> TRY IT: Keep the images out while you retype all of the data exactly.

> DATA SEGMENT:
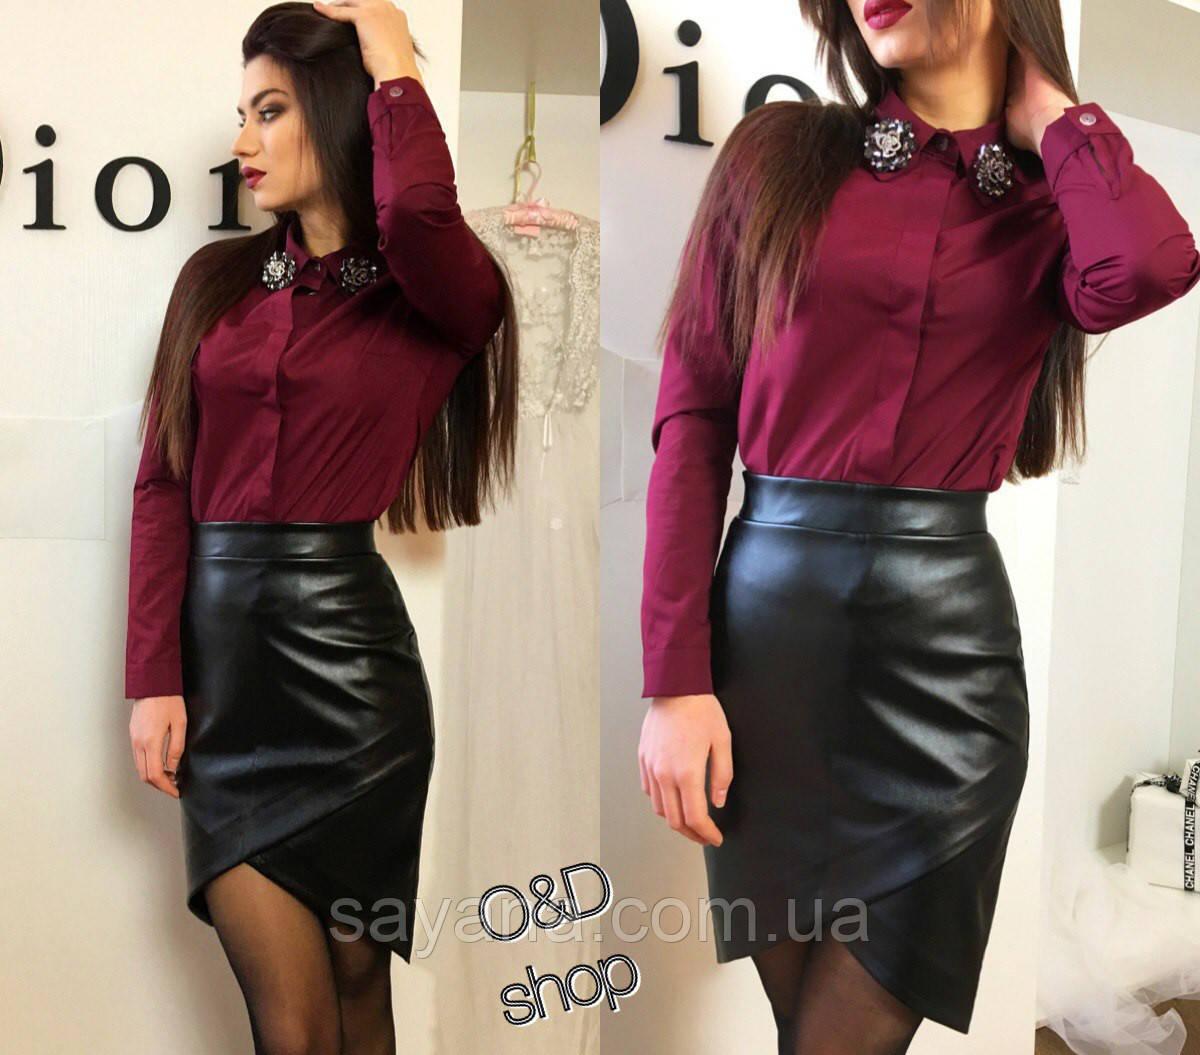 Женская классическая рубашка с брошками, 3 цвета. Оц-3-0217
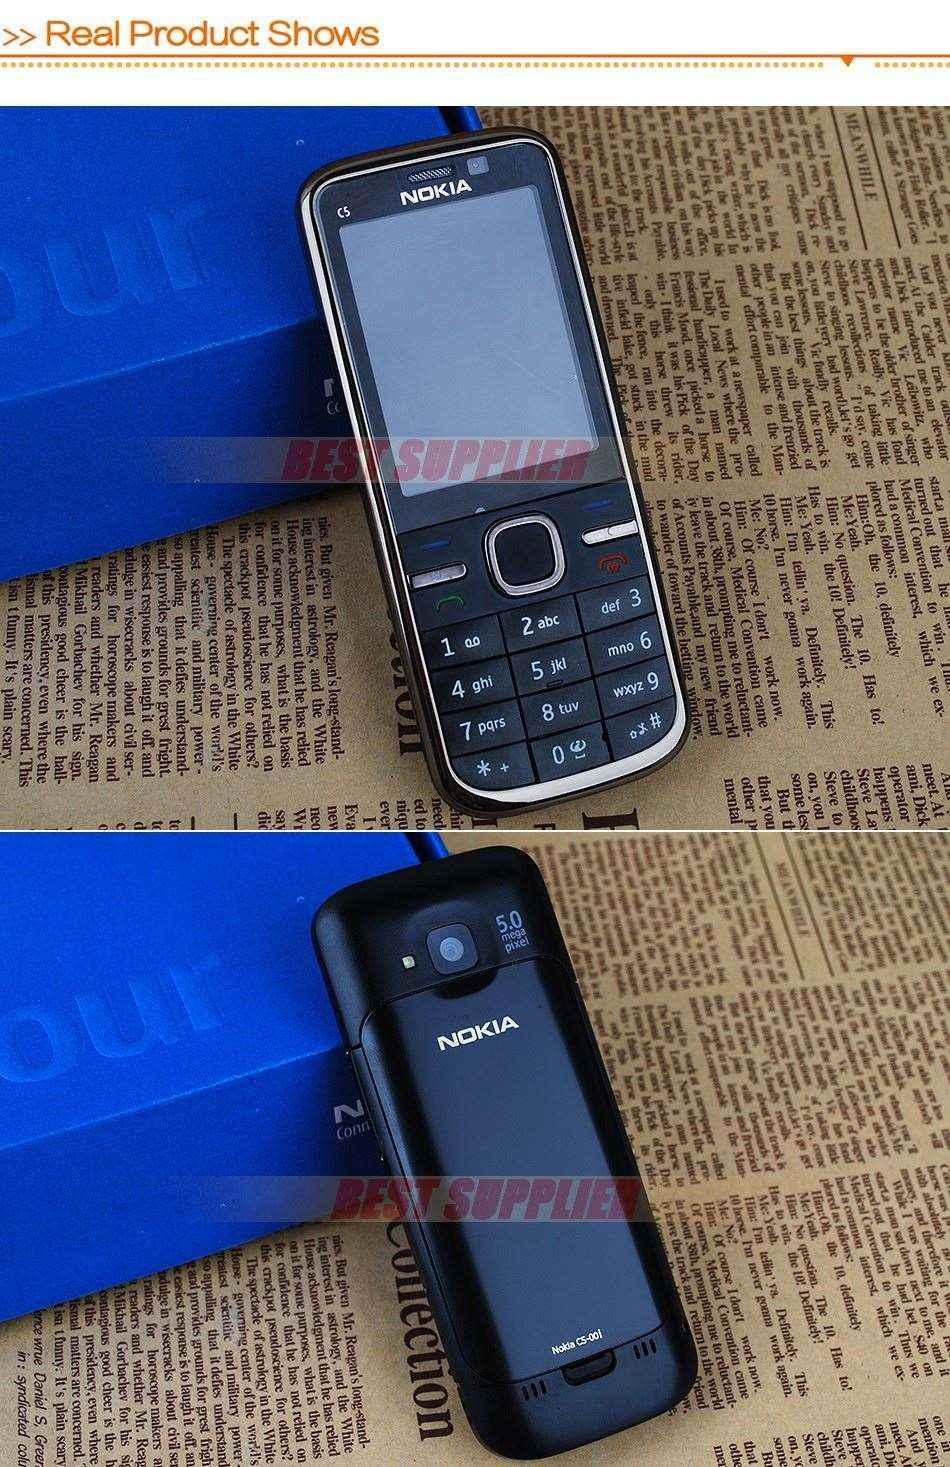 Nokia-C5-00_04
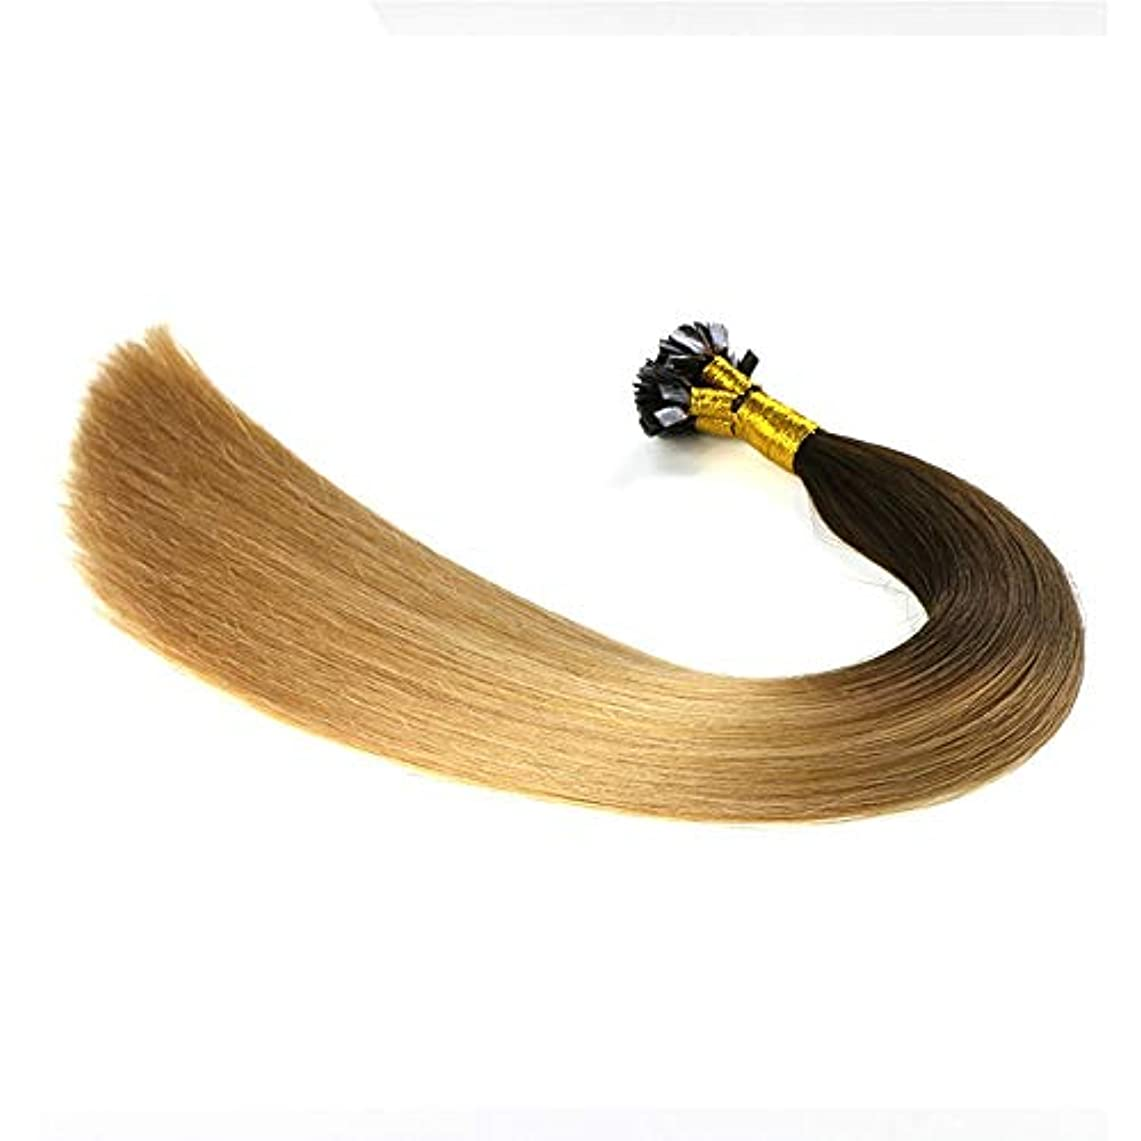 トラクター脆い引き渡すWASAIO ヘアエクステンションクリップのシームレスな髪型ナノリングオンブルトップ金ぴかブラウンボトムハイライトブロンドダブル描かれた人間の髪 (色 : Blonde, サイズ : 24 inch)
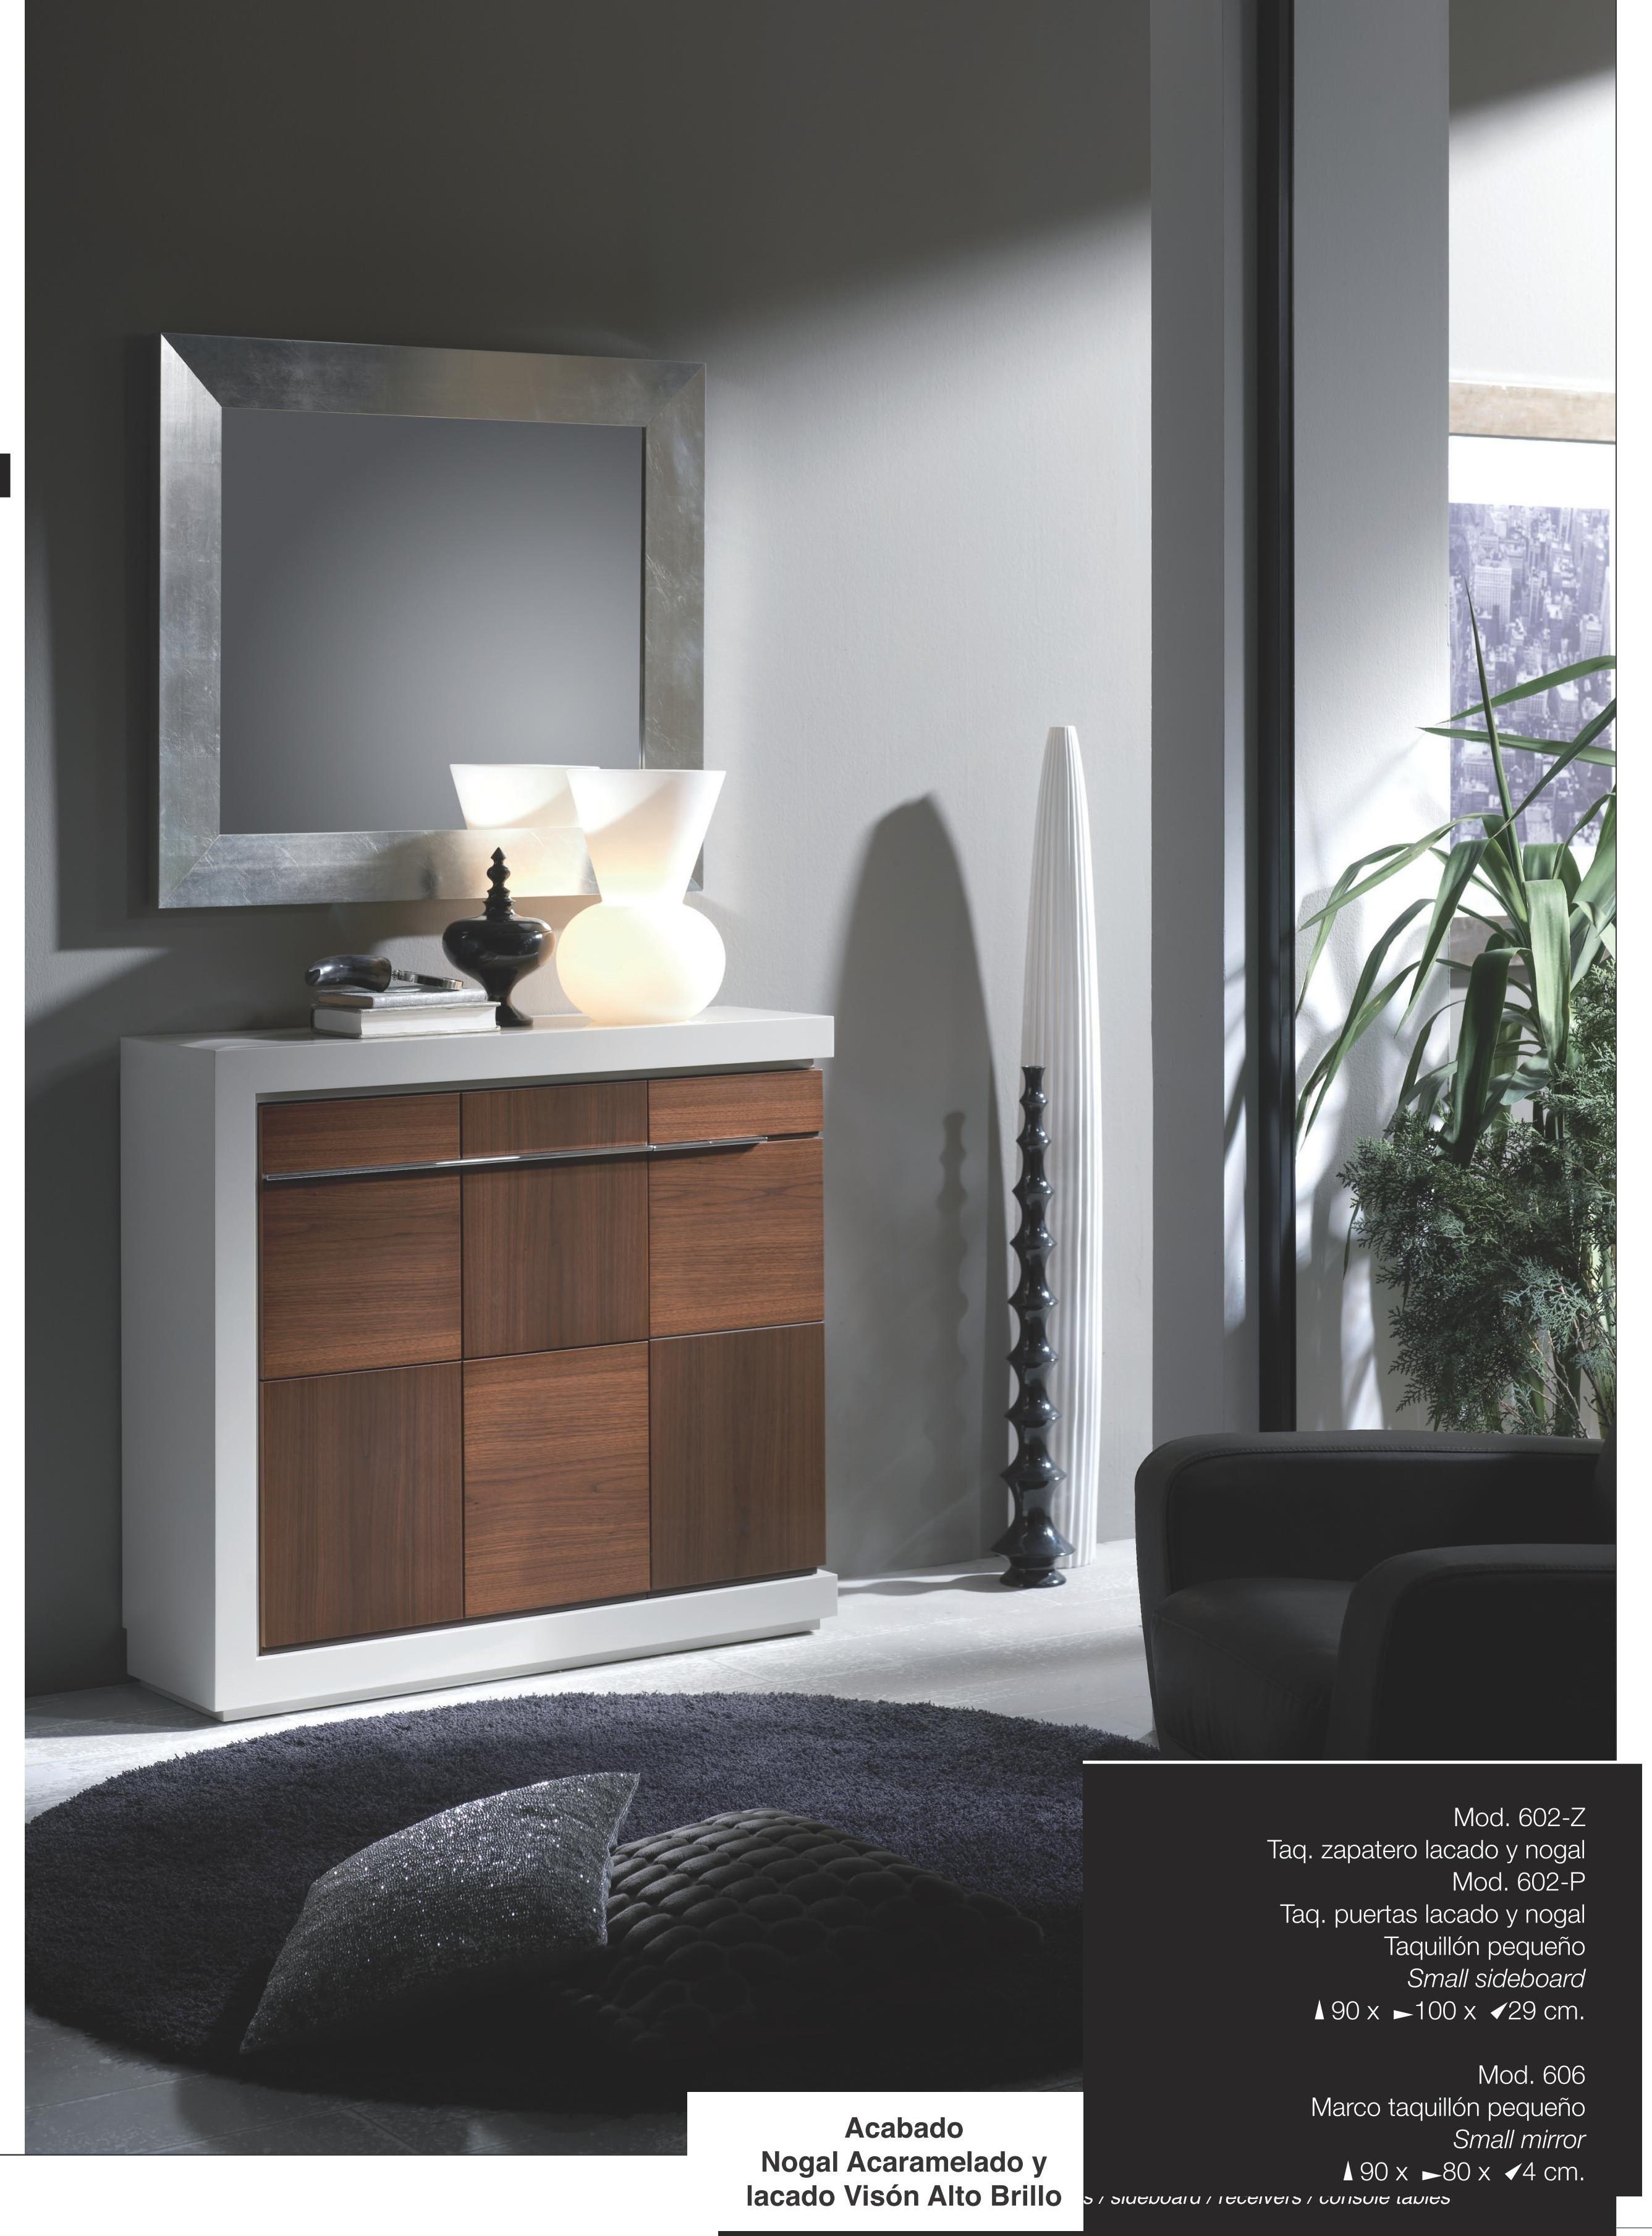 Muebles clasicos en valencia affordable latest muebles intermobel tienda de muebles en valencia - Mueble colonial valencia ...

> ANSWER:
 Женская классическая рубашка с брошками, 3 цвета. Оц-3-0217
 Nokia-C5-00_04
 トラクター脆い引き渡すWASAIO ヘアエクステンションクリップのシームレスな髪型ナノリングオンブルトップ金ぴかブラウンボトムハイライトブロンドダブル描かれた人間の髪 (色 : Blonde, サイズ : 24 inch)
 Muebles clasicos en valencia affordable latest muebles intermobel tienda de muebles en valencia - Mueble colonial valencia ...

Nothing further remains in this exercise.